In the above embodiment, the secondary cooler is a thermosiphon type heat pipe, but the present invention is not limited to this, and the inner wall of the refrigerant passage may have a structure with a large capillary force (for example, several layers of wire mesh). It may be a capillary type heat pipe in which the refrigerant condensed and liquefied in the rising part is moved to the horizontal part by capillary force.

As described above, the refrigerator according to the present invention is provided with a secondary cooler in the cold air forced circulation type freezer compartment, and the rising part of this secondary cooler is provided with cold air vents and radiating fins for cooling the refrigerant. , the horizontal part is used as the bottom plate of the quick-freezing chamber, and this quick-freezing chamber is cooled by circulating cold air from the primary cooler and the secondary cooler. A cooling effect can be performed.
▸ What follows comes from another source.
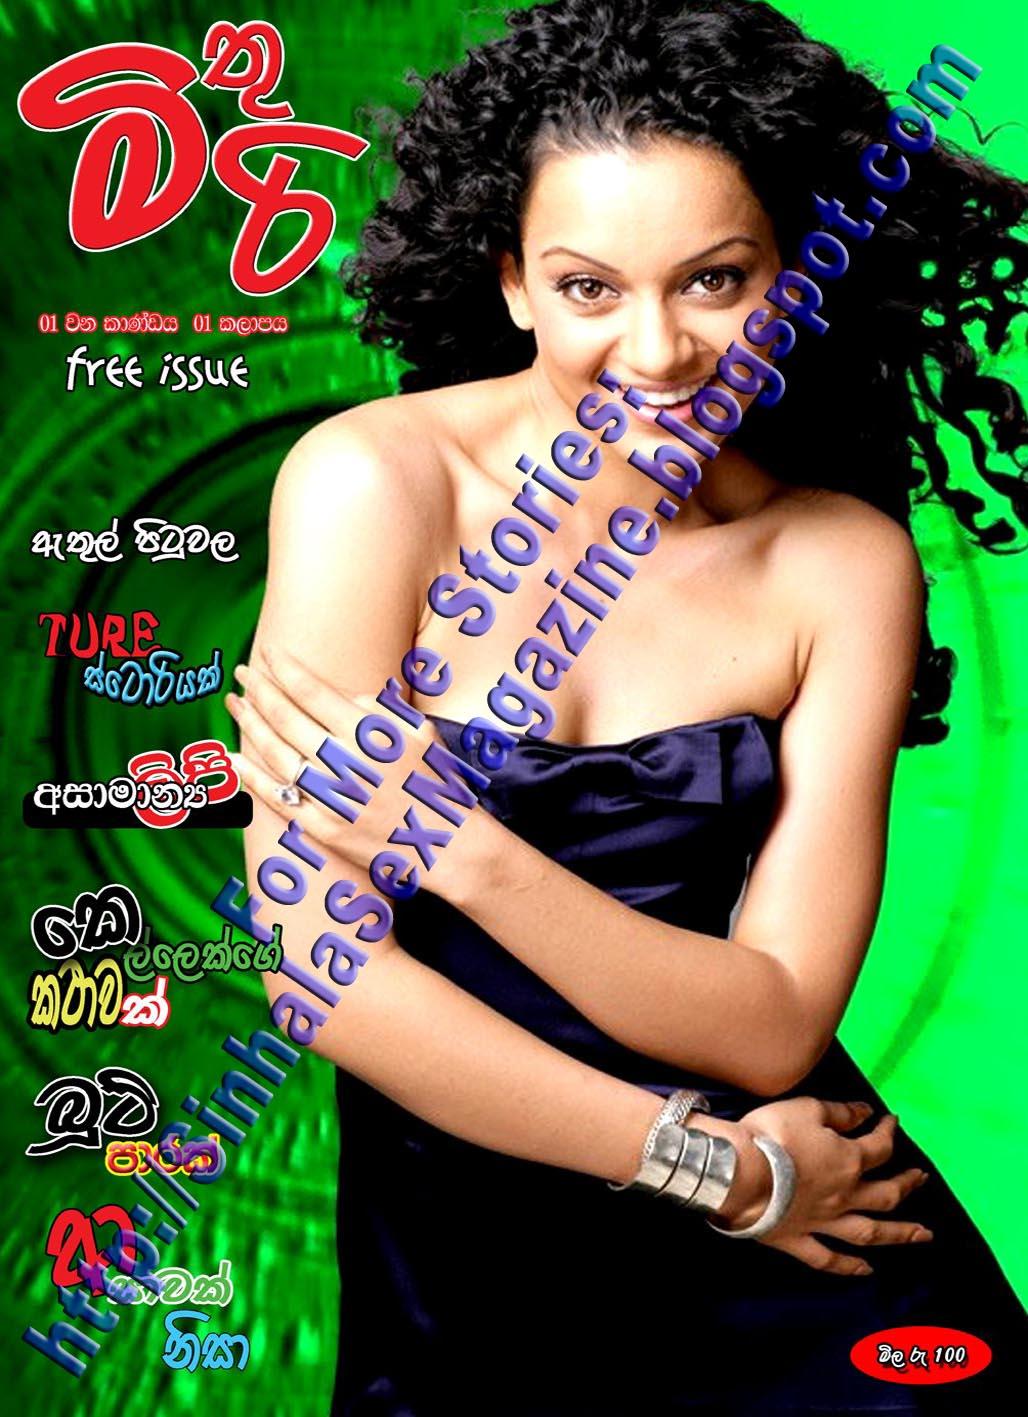 xxx-magazine-sri-lanka

Furthermore, since the horizontal part of the secondary cooler can also serve as a mounting table for a refrigeration load such as an ice cube tray, the structure is simplified.
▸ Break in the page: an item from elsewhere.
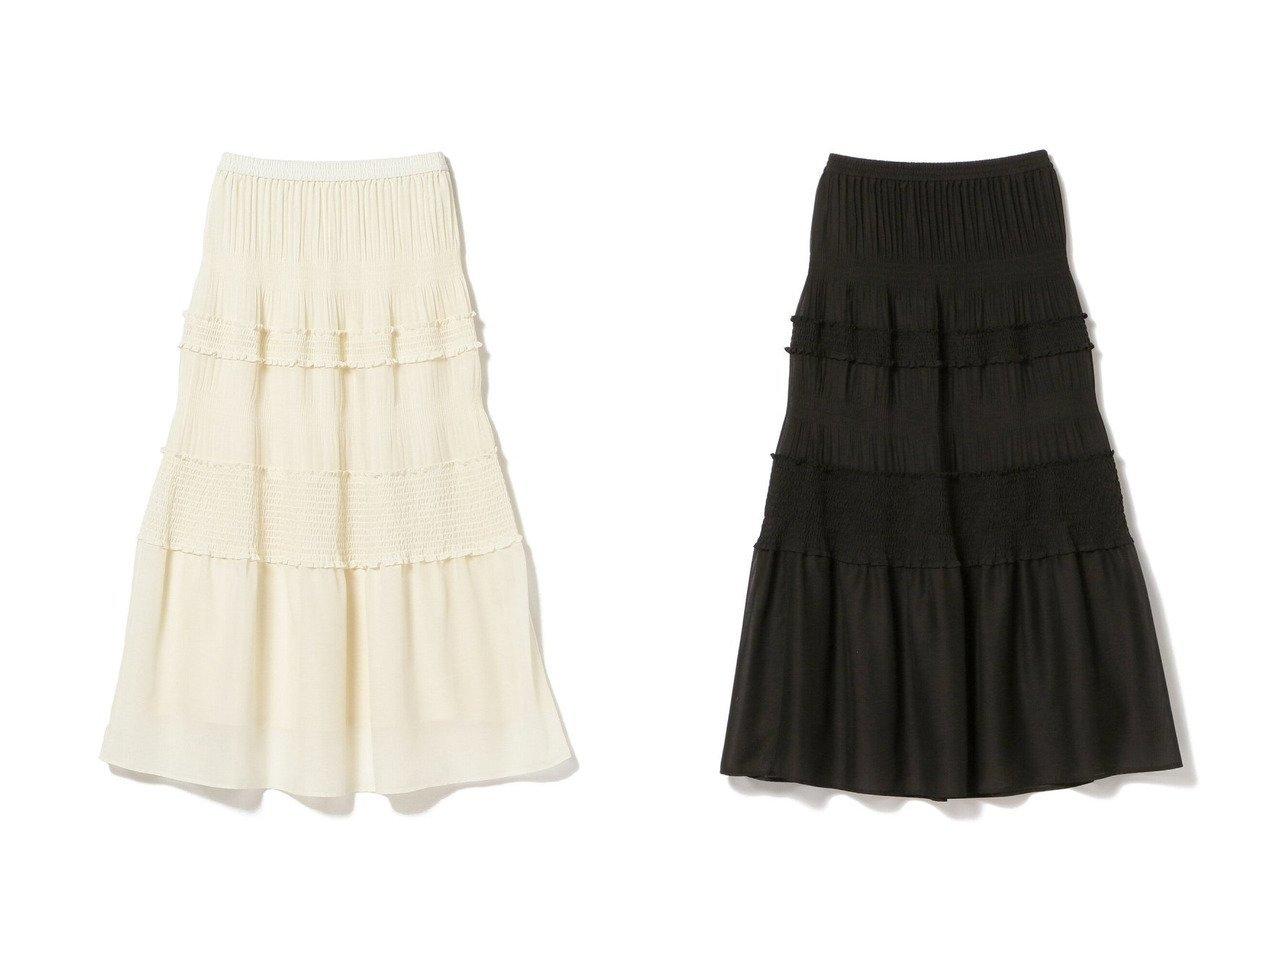 【Ray BEAMS/レイ ビームス】のプリーツ シャーリング スカート スカートのおすすめ!人気、トレンド・レディースファッションの通販 おすすめで人気の流行・トレンド、ファッションの通販商品 メンズファッション・キッズファッション・インテリア・家具・レディースファッション・服の通販 founy(ファニー) https://founy.com/ ファッション Fashion レディースファッション WOMEN スカート Skirt ロングスカート Long Skirt NEW・新作・新着・新入荷 New Arrivals シャーリング セットアップ フェミニン プリーツ ロング |ID:crp329100000014443

In addition, if the cold air ventilation hole bored in the rising part of the secondary cooler is formed by cutting and raising, and this cut and raising part is used as a heat dissipation fin for cooling the refrigerant, the ventilation hole This has the advantage that the heat dissipation fins can be formed in one step.

[Brief explanation of the drawing]

Figure 1 is a side sectional view showing a conventional refrigerator;
The figure is a front view with the outer door removed in figure 1,
The figure is a side sectional view showing one embodiment of the refrigerator according to the present invention, FIG. 4 is a front view with the outer door of FIG. 3 removed, and FIGS. 5, 6, 7, and 8. shows the secondary cooler, Fig. 5 is a front view, Fig. 6 is a plan view, Fig. 7 is a side view, Fig. 8 is an enlarged cross-sectional view taken along the line A-A of Fig. 5, and Fig. 9 is another view. FIG. 10 is an enlarged sectional view taken along the line B-B in FIG. 9, and FIG. 11 is an enlarged sectional view taken along the line CC in FIG. 9. 1, 14... Freezer room, 3, 21... Primary cooler, 4, 22... Fan, 5, 25... Cold air outlet, 10, 43... Rapid freezing room, 11, 56...
Ice tray, 26...Secondary cooler, 28...Refrigerant passage section, 29...Horizontal section, 30...Rising section, 31...
...Refrigerant, 39, 39a, 39b...Radiation fin,
40...Vent hole.

Claims (1)

[Scope of Claim for Utility Model Registration] (1) In a forced circulation type refrigerator that forcibly circulates cold air by sending cold air cooled by a primary cooler into the freezing chamber through a cold air outlet, A secondary cooler is provided, which is formed into an L-shaped plate shape with a rising part and a refrigerant passage section formed by sealing a refrigerant therein, and the rising part of this secondary cooler is connected to the cold air outlet. A refrigerator characterized in that a quick freezing chamber is formed in the freezing chamber by providing a cold air vent and a heat dissipating fin in the rising portion of the refrigerator. . (2) The refrigerator according to claim 1, wherein the secondary cooler is a thermosiphon type heat pipe that moves the refrigerant condensed and liquefied in the rising part to the horizontal part by gravity. (3) The refrigerator according to claim 1, wherein the secondary cooler is a capillary heat pipe that moves the refrigerant condensed and liquefied in the rising part to the horizontal part by capillary force. (4) The ventilation holes in the rising part of the secondary cooler are formed by cut and raised holes, and this cut and raised part is used as a heat dissipation fin for cooling the refrigerant. The refrigerator according to item 1, item 2, or item 3.